CN104951802A

CN104951802A - Classifier updating method

Info

Publication number: CN104951802A
Application number: CN201510336424.XA
Authority: CN
Inventors: 吴偶; 胡卫明; 左海强; 祝守宇; 黄长波
Original assignee: Institute of Automation of Chinese Academy of Science
Current assignee: Institute of Automation of Chinese Academy of Science
Priority date: 2015-06-17
Filing date: 2015-06-17
Publication date: 2015-09-30

Abstract

The invention discloses a classifier updating method. The classifier updating method comprises the steps of firstly, collecting a wrongly-classified training sample and an incremental wrongly-classified sample; secondly, collecting all abnormal samples in an incremental wrongly-classified sample set by utilizing a basic wrongly-classified sample set; finally, updating a classifier by utilizing an abnormal sample set and the learning of an incremental machine. According to the classifier updating method disclosed by the invention, the incremental wrongly-classified sample set is screened by utilizing the basic wrongly-classified sample set, and thus the phenomenon that the generalization performance of a harmful image classifier is reduced as some helpful wrongly-classified training samples are used for updating can be avoided.

Description

A kind of sorter update method

Technical field

The present invention relates to Computer Applied Technology field, particularly a kind of sorter update method.

Background technology

The multimedias such as picture, video and audio frequency become gradually harmful (as pornographic, violence etc.) information propagate on the internet one of the major way taked.And in these network harmful informations, because picture transfer is relatively convenient, relatively easily browse, lower to hardware requirement, the actual harmfulness therefore brought to teenager may be maximum.The social concerns such as the negative influence that in network, harmful pictorial information causes and crime have been subject to people and have more and more paid close attention to.Imperfect picture information how in time in automatic recognition network, and then take effective Supervision Measures, become very urgent problem.

Network is harmful to the identification of image, is all generally first extract the dissimilar characteristics of image that can embody harmful semanteme, then constructs harmful Image Classifier according to these features.In addition, carry out in actual network image identification utilizing the harmful Image Classifier obtained, people trade union collects the sample divided by harmful Image Classifier mistake incessantly, then utilizes these increments mistake point samples and increment machine learning to upgrade harmful Image Classifier.

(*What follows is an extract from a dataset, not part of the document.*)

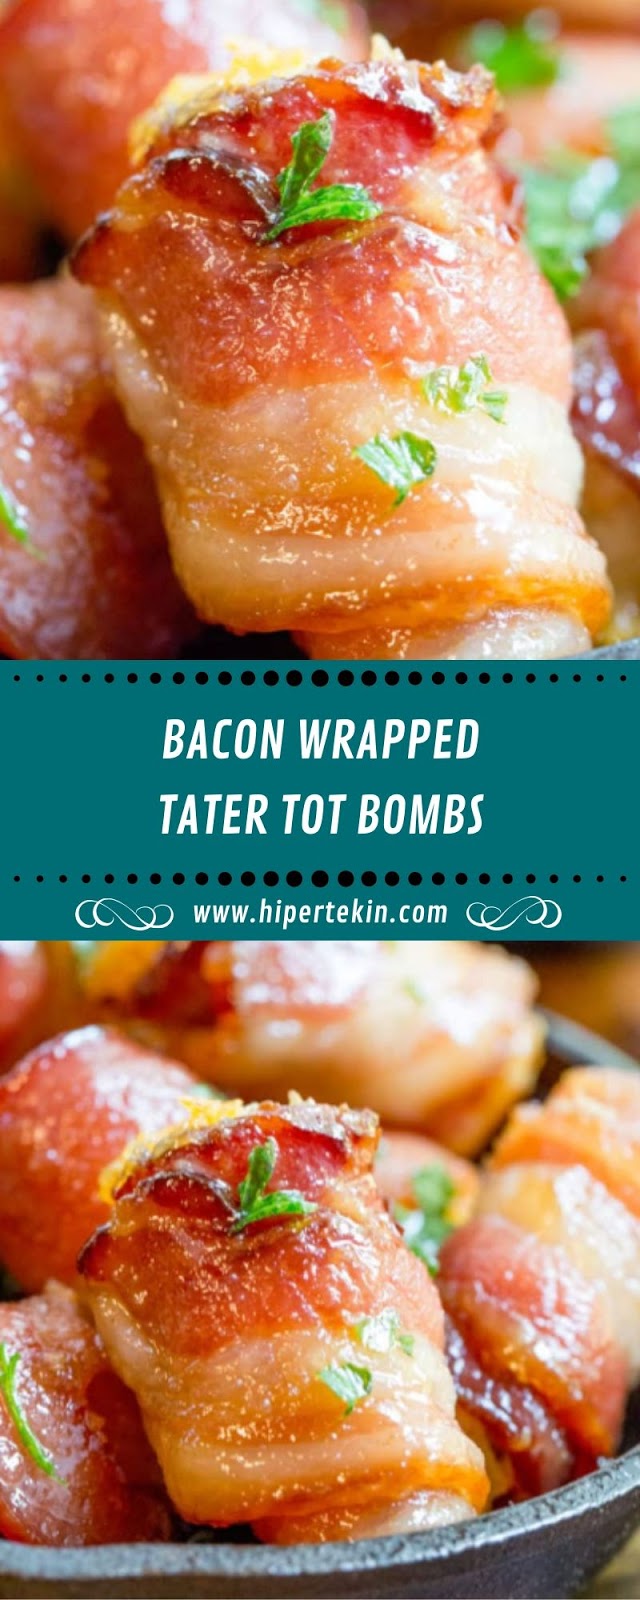 BACON WRAPPED TATER TOT BOMBS
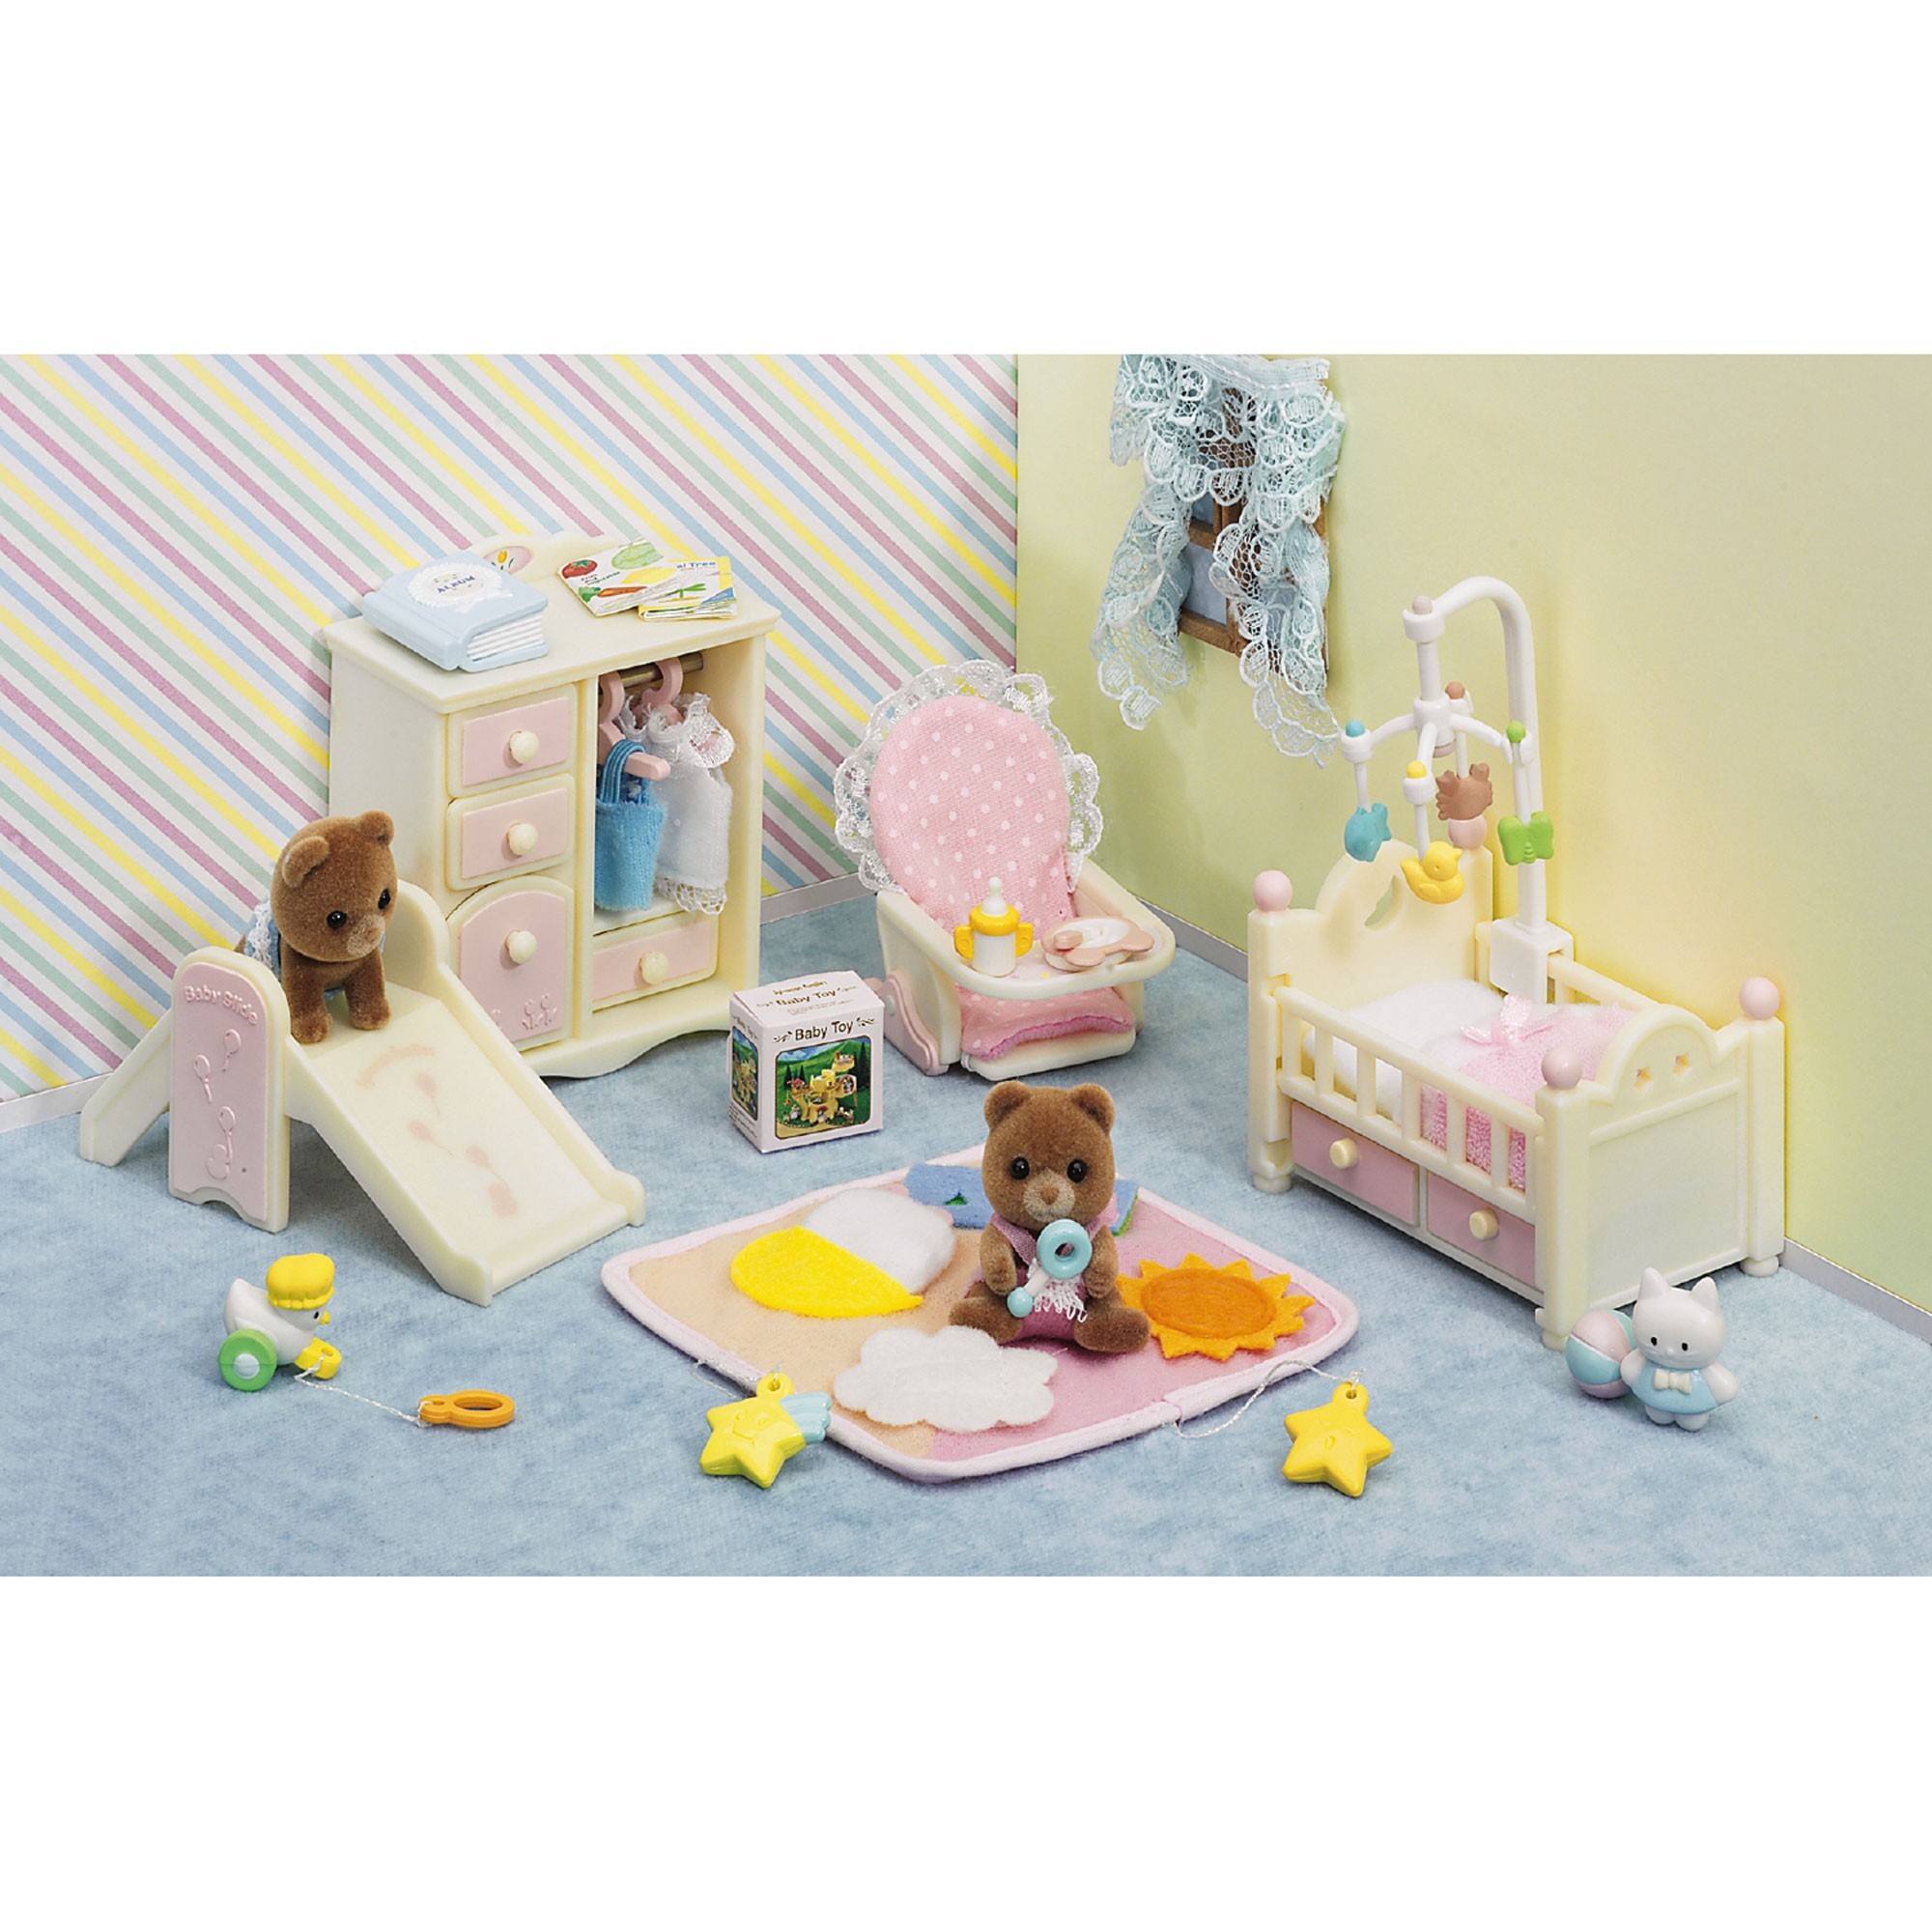 Toddler Shop Calico Critters Toys Books HD Walls Find Wallpaper

But utilize whole increment mistake point samples harmful Image Classifier to be upgraded to the Generalization Capability that likely can reduce harmful Image Classifier at present.Main cause is because in the training process of harmful Image Classifier, in order to ensure that sorter has good Generalization Capability, generally all makes the sorter finally obtained on training set, keep certain error rate.That is training set exist some reasonably wrong point samples.If increment mistake point sample and the mistake on training set are divided, sample is the same or closely, that illustrates that these increment mistake point samples should not be used for the renewal of harmful Image Classifier.So be necessary selecting an increment mistake point sample, to realize more reasonably carrying out sorter renewal.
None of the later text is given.